The skateboarder, a high school junior named Knutzen Hoff, examines the 58-year-old Werner's cloth bucket hat, khaki shorts and leather loafers with some skepticism, but eventually drops in. He rides through the curves with a speed that suggests he's still a novice. But Werner, who admittedly knows almost nothing about the sport, is amazed, and snaps a series of photos that he'll show Iraqi government officials as examples of this thing called skateboarding.

When the skateboarder pops back up on the deck, Werner calls him over.

"Little did you know, but you're about to become part of history," Werner says. "I'm building these" — he nods to the skatepark — "in Iraq."

"Really?" Hoff replies.

"Yeah, for the kids of Iraq. What do you think about that?"

"That's cool."

Then Hoff pauses. He's grown up in Aspen, but even from his sheltered vantage point, he recognizes that Werner's plan faces a small hurdle: Nobody skateboards in Iraq.

"How are they going to get skateboards?" he asks.

"I'm delivering them," the businessman says with a grin. "The U.S. Air Force is flying them in on a C17. Not bad, eh?"

One of Llewellyn Werner's business associates likes to say that Werner operates at another level, someplace "between where the stratosphere ends and space begins."

Werner spends much of his time up in the air, jetting between Istanbul, Kabul and his home in Southern California. He's almost impossible to reach, and even his assistants in various offices in London, New York and Los Angeles behave as if contacts with their employer are like falling meteors: random and fast. While Werner is in Aspen, where his twelve-year-old son, a piano prodigy who studies at Juilliard, participates in the Aspen Music Festival, he uses his BlackBerry to keep track of his many projects in Iraq. These include everything from the installation of fiber-optics networks to constructing several large power plants to setting up international distribution for Iraq-grown dates.

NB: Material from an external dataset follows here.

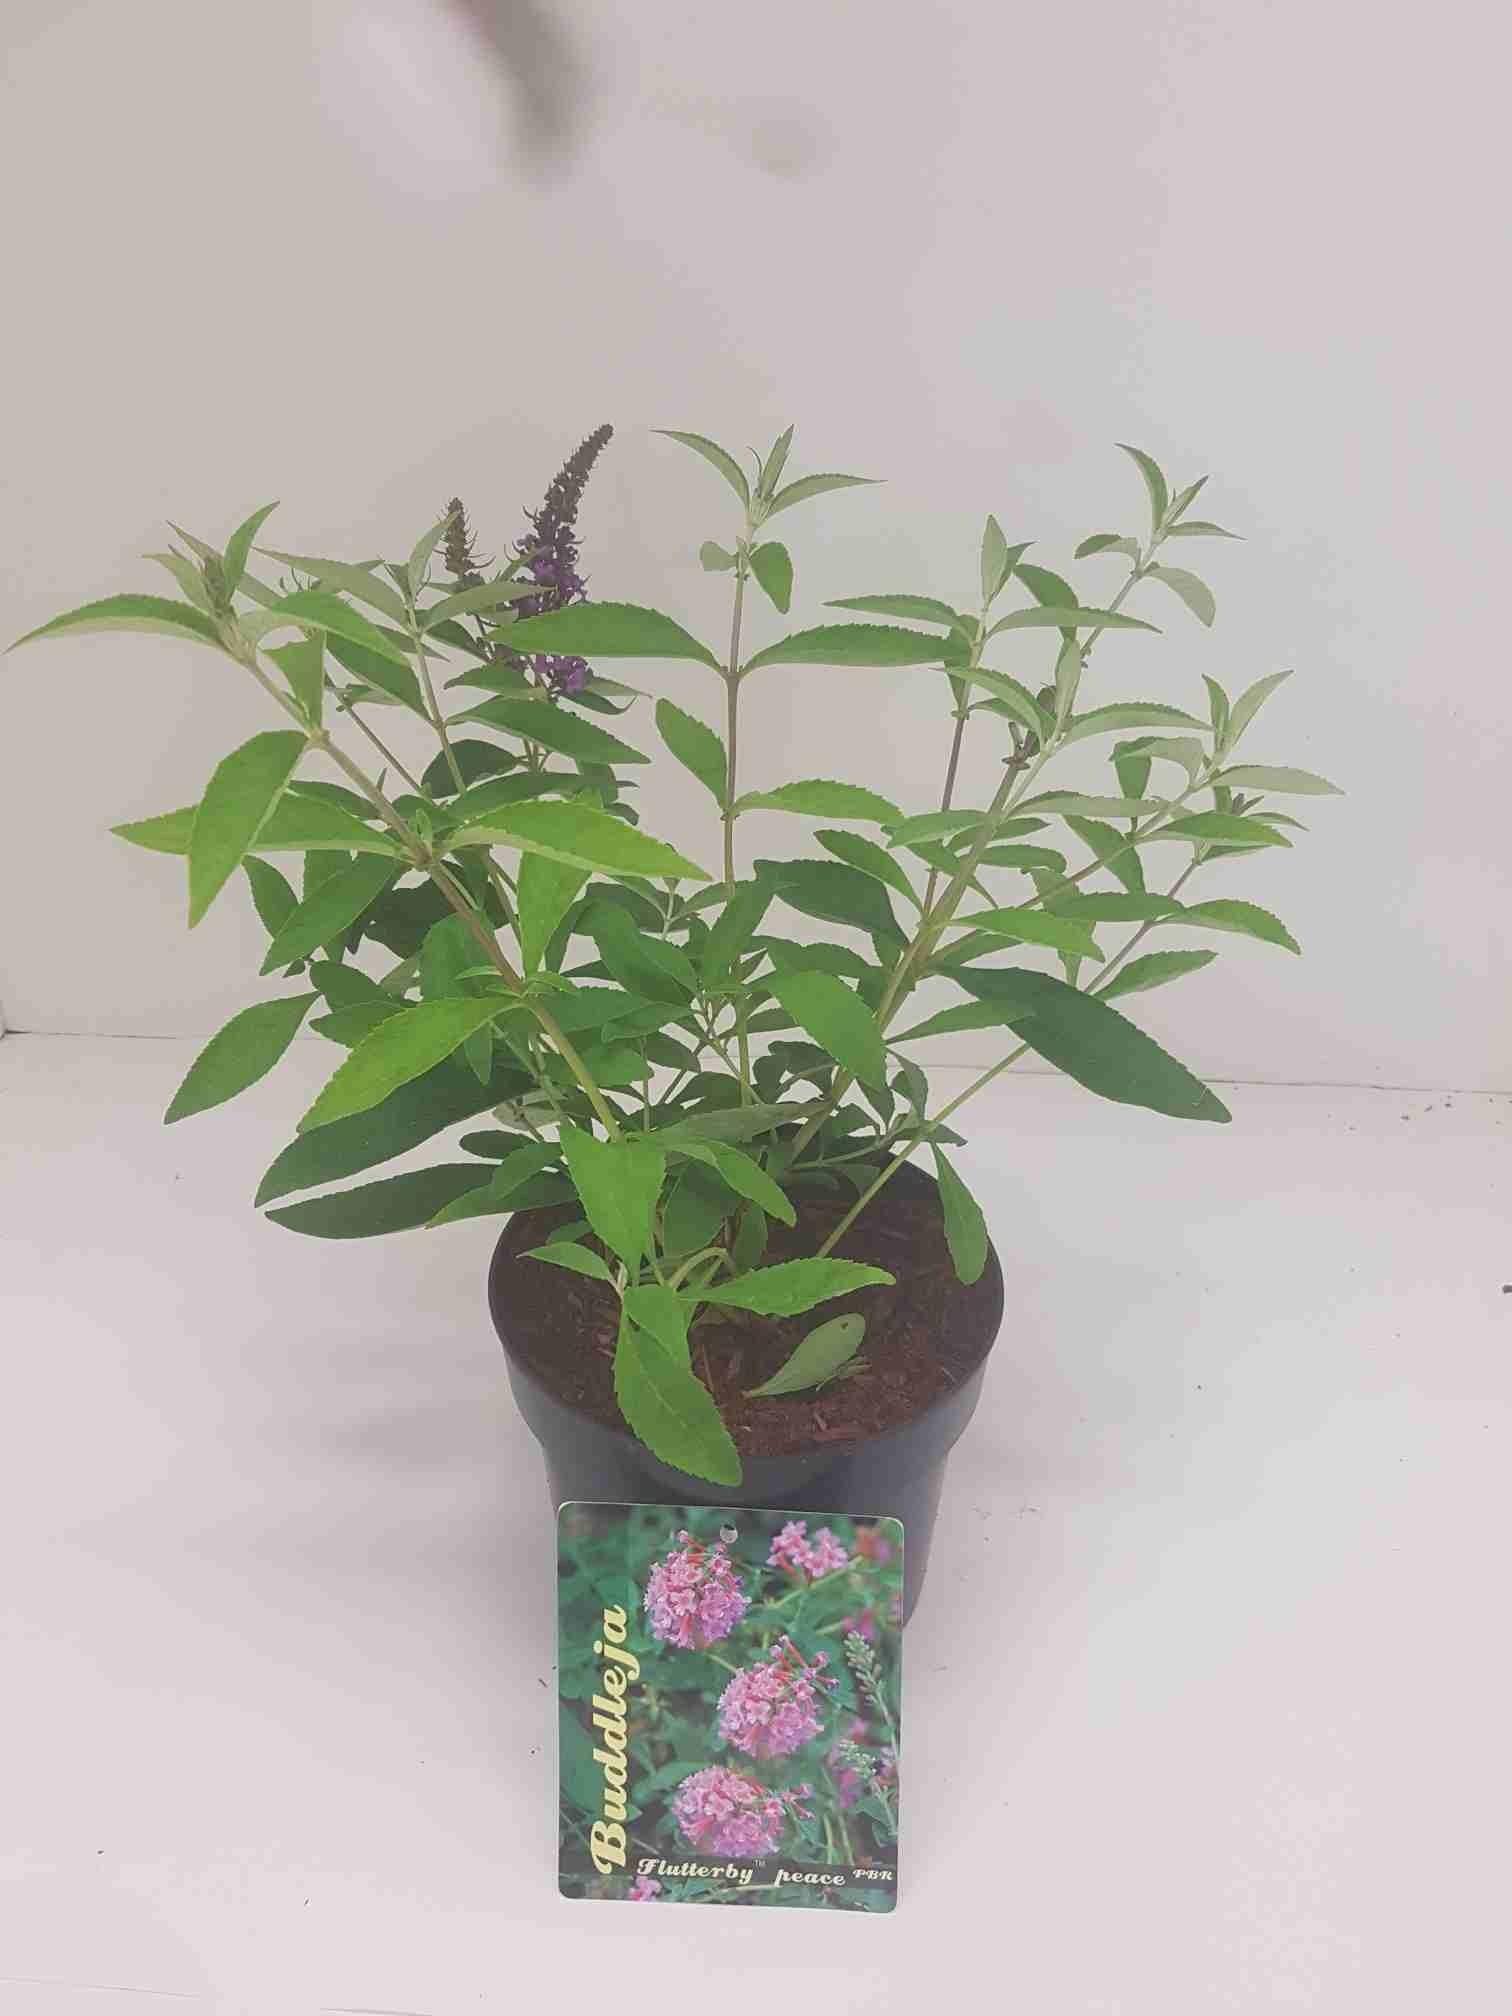 vlinderstruik (Buddleja davidii 'Flutterby Peace')-Plant in pot-40/60 cm

But by far his most ambitious scheme is the Baghdad Zoo and Entertainment Experience, a massive project he hopes to develop in the heart of the city. The BZEE site is a sprawling, fifty-acre tract of open space called al-Zawra Park, which sits next to the Green Zone and contains the dilapidated Baghdad Zoo. Werner was able to secure a fifty-year lease on the property from Baghdad officials, at an undisclosed cost, and he's drawing up plans for amphitheaters, shops, cafes, a museum, amusement-park rides, a water park and other attractions. The idea, he says, is to create a sense of normalization after years of war.

"It's going to be a place for the people of Iraq and Baghdad to relax," he notes. "They don't have that now."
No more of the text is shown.